Bob’s wife saw the problem coming. “My wife said, nah, something don’t smell right, Bob. And I said, no, I got this. You know, he’s believing me. I got this. And she said, no, I don’t like this. You better get rid of this guy.” But Bob’s ego got in the way. “I’m Bob Lustig, the greatest FBI news in New York. Like I catch spies, right, you know, and in my head decorated for it. Yeah, I’m in on my chest. And I got 180 months.”

The Oh Shit Moment

One morning, Bob got called in on his day off. As he left his house, his training kicked in. He noticed a car that didn’t belong, engine running. At a stoplight, he saw the car behind him.
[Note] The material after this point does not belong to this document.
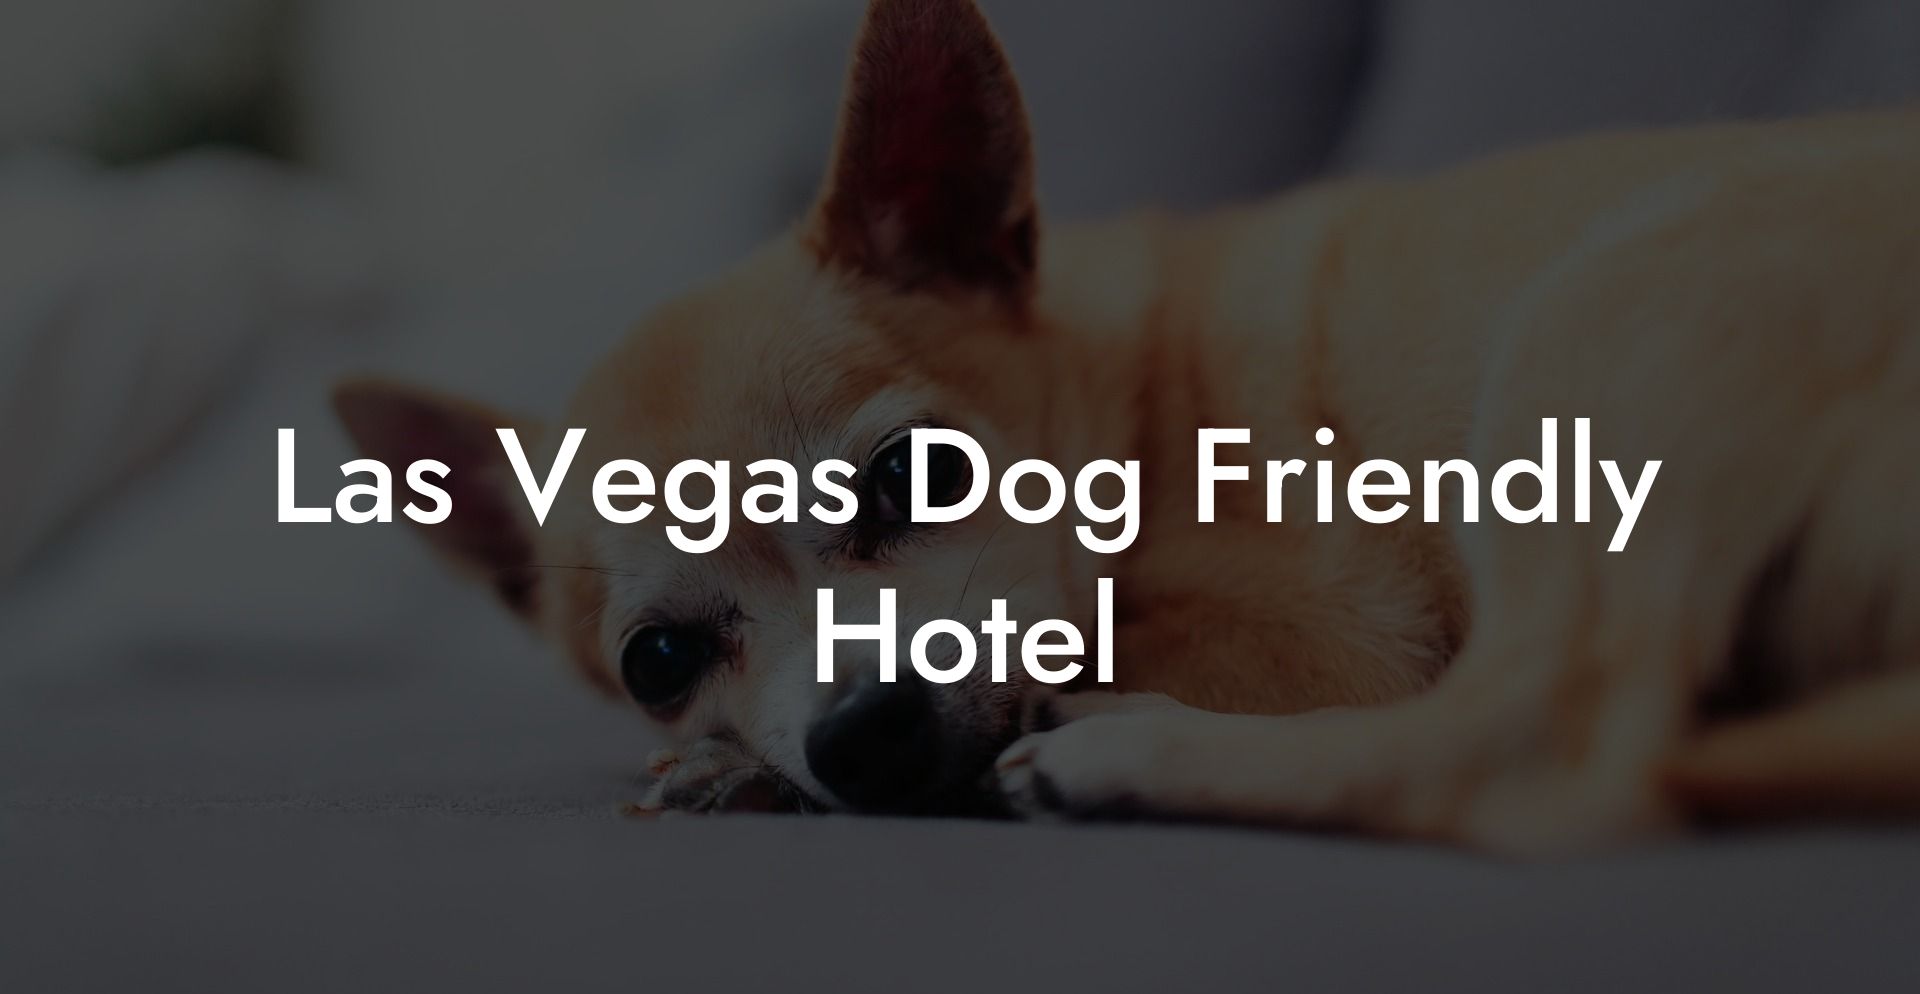 Las Vegas Dog Friendly Hotel

He lost the tail, doubled back, and ended up following the guy tailing him. “The guy was panicked and he was a uh an officer of the uh OIG, the office of inspector generals.”

They were searching his house that morning. When Bob arrived at the office, his boss took his gun and badge. He came home to find 25 OIG agents searching his house, with his wife and two young children present. “They literally left with nothing,” Bob said.

The Arrest and Solitary

Bob wanted to turn himself in when the indictment came, but his lawyer went away for the weekend knowing the arrest was coming. Twenty-five U.S. Marshals showed up at his house and did a felony car stop on his family car. His seven and ten-year-old children were thrown into the driveway at gunpoint while his wife was dragged away. Bob was in the backyard planting tomatoes.

“I heard my wife screaming. So I came around a corner of the house and there were five guys there with, you know, empty fives and one had an AR-15, I believe. They’re all screaming different commands. Get on the ground, hands up, stand up, turn around, do a cartwheel. Like it was like ridiculous.”

After being released on a $2.5 million bond, Bob’s bond was later revoked for talking to a potential witness who could clear him. They sent him to a supermax facility in Utah, where he spent 17 months in solitary confinement.

Prison University

In solitary, Bob discovered that toilets are cell phones in prison. He emptied the water out of his toilet and started talking to a guy named Matt in the cell below. “Never saw him. Never learned his last name, never heard from ever since, but the guy like saved my life. He like literally schooled me on prison.”

That’s when Bob’s perspective shifted. “I started to realize that a lot of the men that I met along the journey were better men than I worked with. And I started to see things in a different light, because I was part of the system. And it was, you know, hey, you did the crime, you do the time. And then all of a sudden I met these guys.”

The Impossible Defense

Bob’s defense was simple: he was doing his job. But everything he needed to discuss was classified. At a CIPA hearing, the judge ruled that everything in Bob’s head was property of the United States government and he couldn’t talk about it. “Basically you couldn’t do it. You couldn’t have a defense,” Bob said.

When the gavel went down with that ruling, Bob watched the assistant director of the FBI, the head of national security for the CIA, and other officials wave goodbye and walk out of the courtroom. Against his attorney’s advice, Bob pleaded guilty, expecting 21 months. He got 180 months instead.

Bob learned later that the prosecutor’s unit had been under investigation for fabricating evidence in another case involving an Alaska senator. An FBI whistleblower had exposed the misconduct and subsequently took his own life. “I was the next FBI agent in their sites,” Bob said.

Bob served his time and came out the other side. His story shows how the system can turn on its own, how ego can override wisdom, and how the nightmare can happen to anyone, even those who spent their careers believing in the system they thought would protect them.